Sustainable Water Future

by Carolyn Chase

 

ever was there a better time, better tools or a better opportunity to create a new paradigm for water politics in the state of California. "Getting sustainable" (i.e., starting to work within ecosystems limits) is going to require some new approaches, new thinking, and ultimately some new politic-ing. But politics as usual is threatening to thrust the old coalitions into repeating their past paradigm of pump it, pave it and pollute it, with the public picking up the inflated price tag.

The mission of the CalFed Bay-Delta Program is to develop a long-term comprehensive plan that will restore ecological health, improve water management for beneficial uses and address the fact that the San Francisco Bay-delta system is currently not able to reliably supply water for agriculture, urban areas and the environment. Given that the outcome of these negotiations will impact the water systems supplying 22 million Californians and sustaining our huge agricultural systems, the process is a critical one.

Since I last wrote about the high-stakes state/fed negotiations over the future of California's water supply system and the ecological systems that support it, ("Efficient Water Use, March 23, 1998), CalFed negotiations have crawled along. At that time, the powers-that-be had stated that "it was decided that additional public input was needed to identify" a preferred alternative.

Since that public input in April and May, CalFed has been putting together a "draft phased plan" for California water. The plan has now been broken up into two stages: Stage 1 is the first seven years, Stage 2 is everything after that. Secretary of Interior Babbitt is shepherding the draft plan (now known as the draft preferred alternative) through a series of small group talks around the state. Right now, CalFed's draft plan calls for building dams in the first stage. Decisions on whether to build the infamous and contentious peripheral canal have been put off until Stage 2.

The document to be released to the public will be the "Revised Phase II Report" -- a summary of the CalFed program plans and a description of how the program elements will be implemented. This report, due to released on December 15, will also contain the proposed list of the actions to be undertaken during Stage 1.

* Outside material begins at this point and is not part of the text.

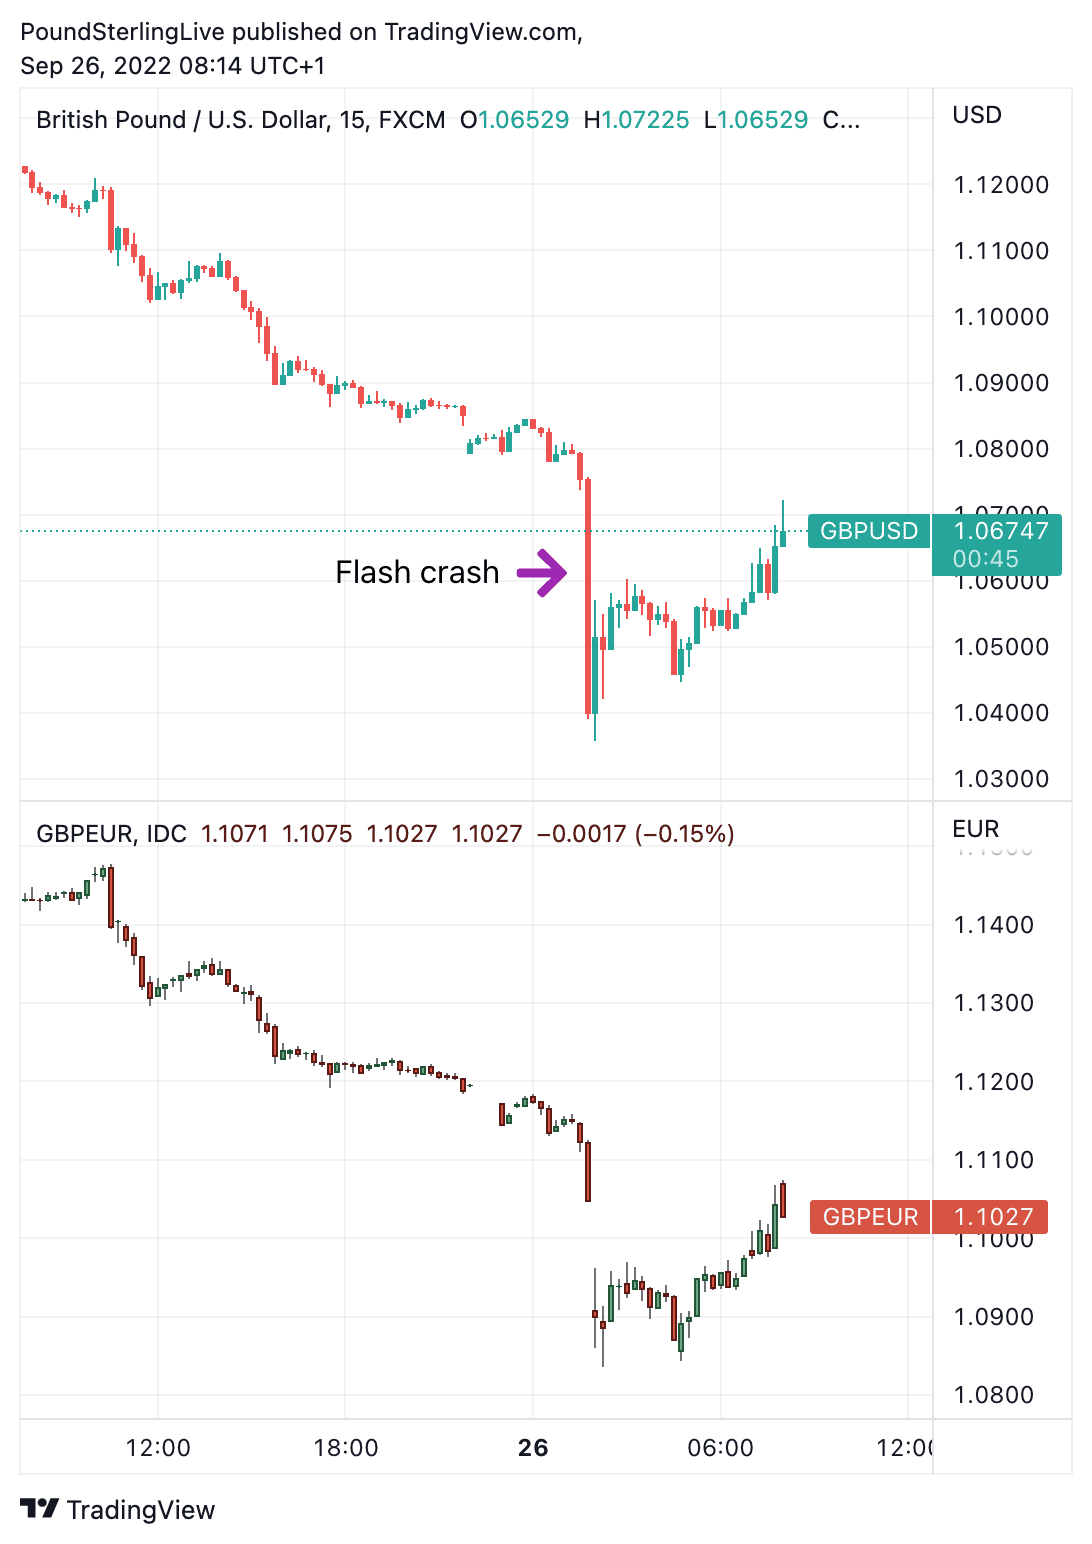 Pound in recovery mode

Key concerns about CalFed's Stage 1 plans include:

  • Lack of measurable objectives for all of CalFed's programs, and particularly for the ecosystem restoration, water conservation and efficiency, and water quality programs
  • Lack of a commitment to correct methodological flaws--inflated demand estimates for cities now and in the future, and a "no action" baseline that assumes more water exported from northern California than is exported today
  • Premature plans to begin dam construction, site selection, and permitting in Stage 1, with Shasta and Los Vaqueros Dam enlargements and Sites Reservoirs identified as possible locations

Much of this flies in the face of public testimony from around the state. The public clearly expressed a desire that conservation opportunities be quantified and taken seriously, and that baselines be made real. But the powers-that-be in the CalFed bureaucracy refuse to take the difficult steps into the next paradigm of dealing with growth and sustainability. So far, this process has been dominated by conversation, not conservation. The time has come to make the real commitments to conservation, measurement and management.

Most of our water and environmental problems have been caused by mismanagement. What makes us think that a plan from the same vested interests will be managed any better? It time for new approaches. It's time to get sustainable, folks!

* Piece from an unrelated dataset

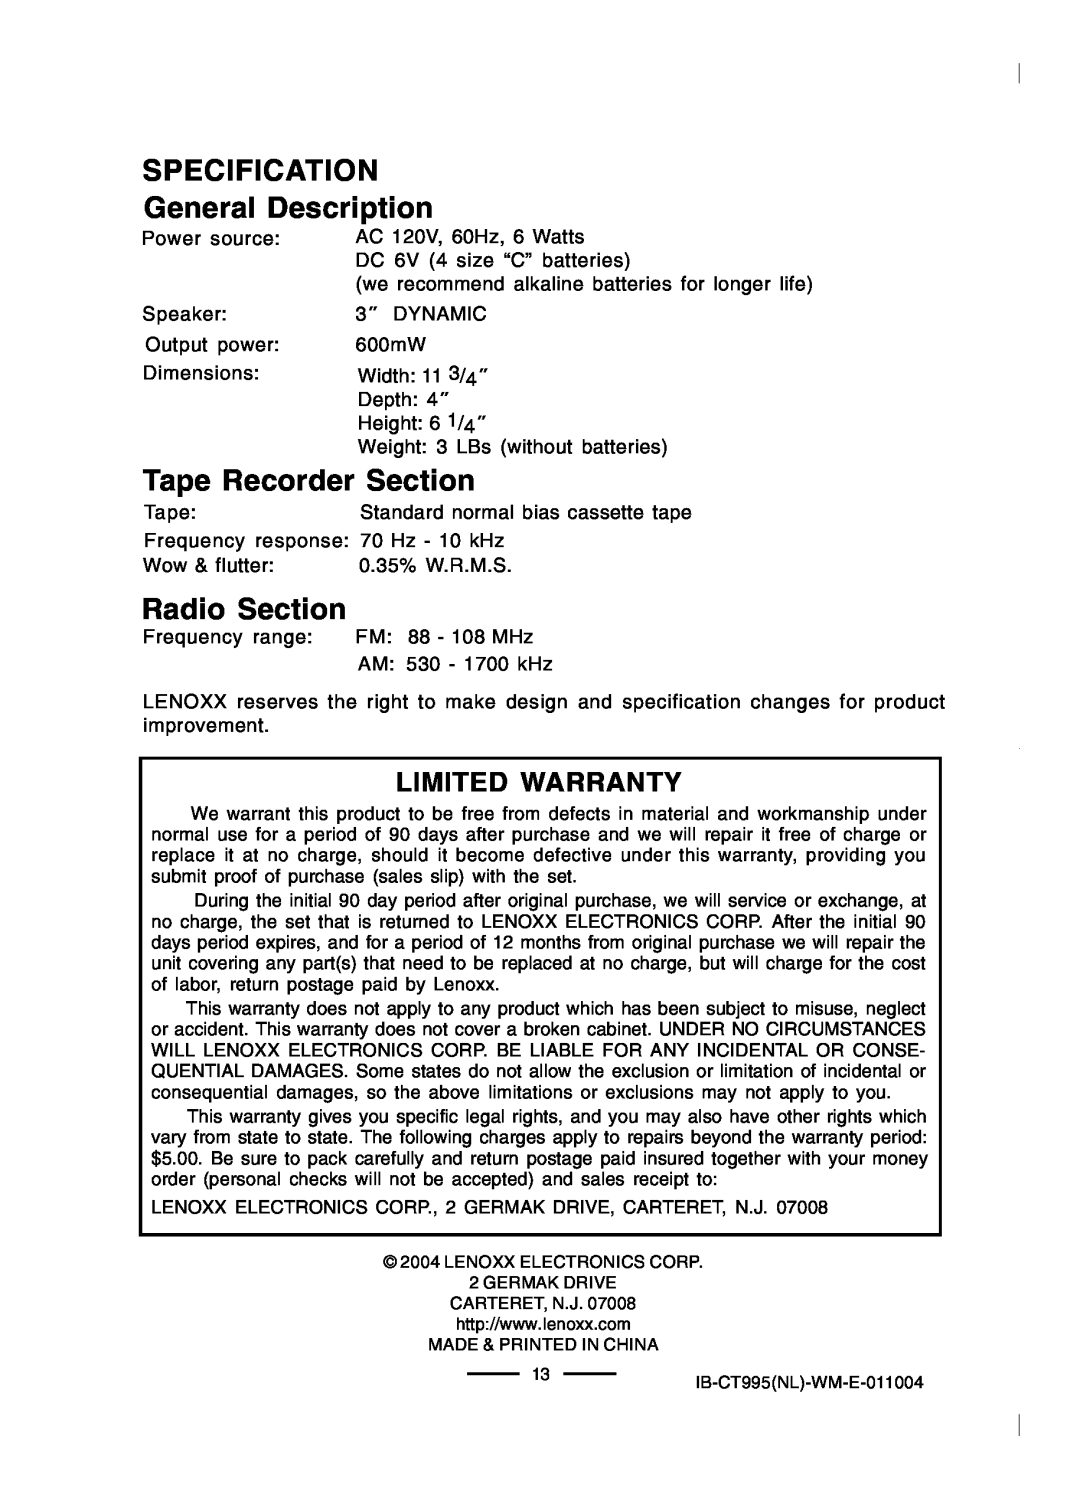 Lenoxx Electronics CT-995 SPECIFICATION General Description, Tape Recorder Section, Radio Section, Limited Warranty

Why are we looking at huge storage systems and not taking seriously many environmentally benign projects? How do we redesign our systems and thinking towards a conservative methodology for economics and the environment? It takes thinking about systems in new ways and looking for new solutions that sustain and restore natural systems, rather than just looking at them as potential plumbing projects.

There is some new thinking out there, a new blueprint. That blueprint includes water-use efficiency, conservation, restoration, desalinization and sensible land fallowing. These are the tools of the future. Lets not go back to the old ways. But the public must find their voices to support the difficult changes the politicians and water war horses will never undertake without such public pressure.

A broadly based coalition of environmental groups has put together a "blueprint" for a more sustainable and affordable approach for a reliable water future. The blueprint is a 40-page document that describes an environmentally and economically sound water supply reliability program. The Blueprint articulates an affirmative program for improving water supply reliability in California. This blueprint can be the basis of a successful CalFed Bay-Delta plan to restore the ecological health and improve management of water in California.

The Blueprint Recommends:

  • Analyze promising conservation strategies and maximize conservation and recycling potential
  • Jump-start ground water management and appropriate ground water storage
  • Facilitate appropriate water transfers
  • Ensure environmental water reliability
  • Improve the operation of existing dams and canals
  • Develop accurate estimates for current water supply and demand (Calfed analyses overstates our current water use by up to 1.2 million acre feet - by omitting conservation successes - and bases future estimates on this inaccurate baseline.
  • Price water to reflect its true economic and environmental value. Recognize that the law of supply and demand applies to water. If taxpayer subsidies were eliminated, demand for water would fall.

For a copy of the blueprint or to arrange to participate in the dialogue on the document, please send email to jenna.olsensierraclub.org. We should make sure that the incentives are in place to get serious about conservation and efficiency before we bankroll another round of projects as everyone's expense and without sufficient environmental and conservation assurances.